Widening interest rate gaps reviving yen carry trade

TOKYO -- Market players are speculating about a return of the yen carry trade amid rising interest rates in such markets as New Zealand and decreased volatility.

     Reserve Bank of New Zealand Gov. Graeme Wheeler commented Wednesday that carry trade activity from Japan is picking up. These transactions involve borrowing yen at low interest rates and selling it on foreign exchange markets to buy higher-yielding currencies.

     The New Zealand dollar is on an upswing against the yen, trading at around 88 yen to the kiwi. "(Wheeler's) comments were probably meant as a check on currency appreciation," says Kengo Suzuki at Mizuho Securities.

     The value of yen short positions held by speculators has not reached the level from the mid-2000s, when carry trades caused the yen to slide. "But it seems like carry trades are gradually picking up," says Maki Ogawa at Citibank Japan.

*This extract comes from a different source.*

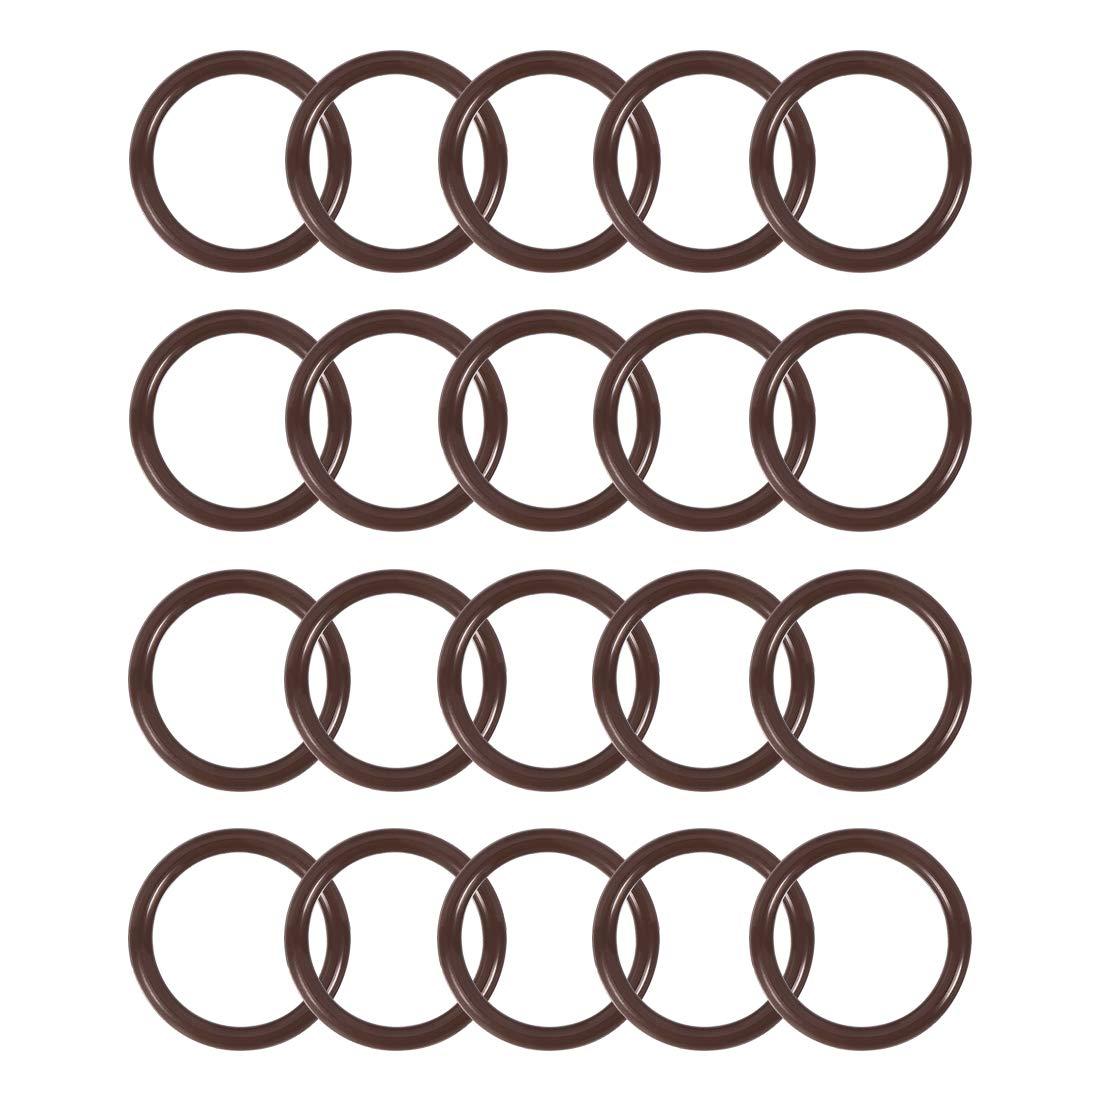 uxcell Fluorine Rubber O-Rings 13mm OD 8mm ID 2.5mm Width FKM Seal Gasket Brown 20pcs

     The revival of the yen carry trade depends on two conditions. One is low volatility. The yen's one-month implied volatility against the dollar in the foreign exchange options market has dropped to the upper 5% range -- down by half from a year earlier and about the same as in the mid-2000s.

     The other requirement, an interest rate gap, is growing larger. New Zealand's central bank hiked rates in March and April, and emerging markets have raised rates to protect their currencies and tamp down inflation. This has created an environment friendly to retail forex investors looking to profit from a stable spread.

     "The interest rate difference is lacking compared with the heyday of the yen carry trade, but attention to high-interest-rate currencies such as the New Zealand dollar, the South African rand, and the Turkish lira is growing," says Takuya Kanda at the Research Institute.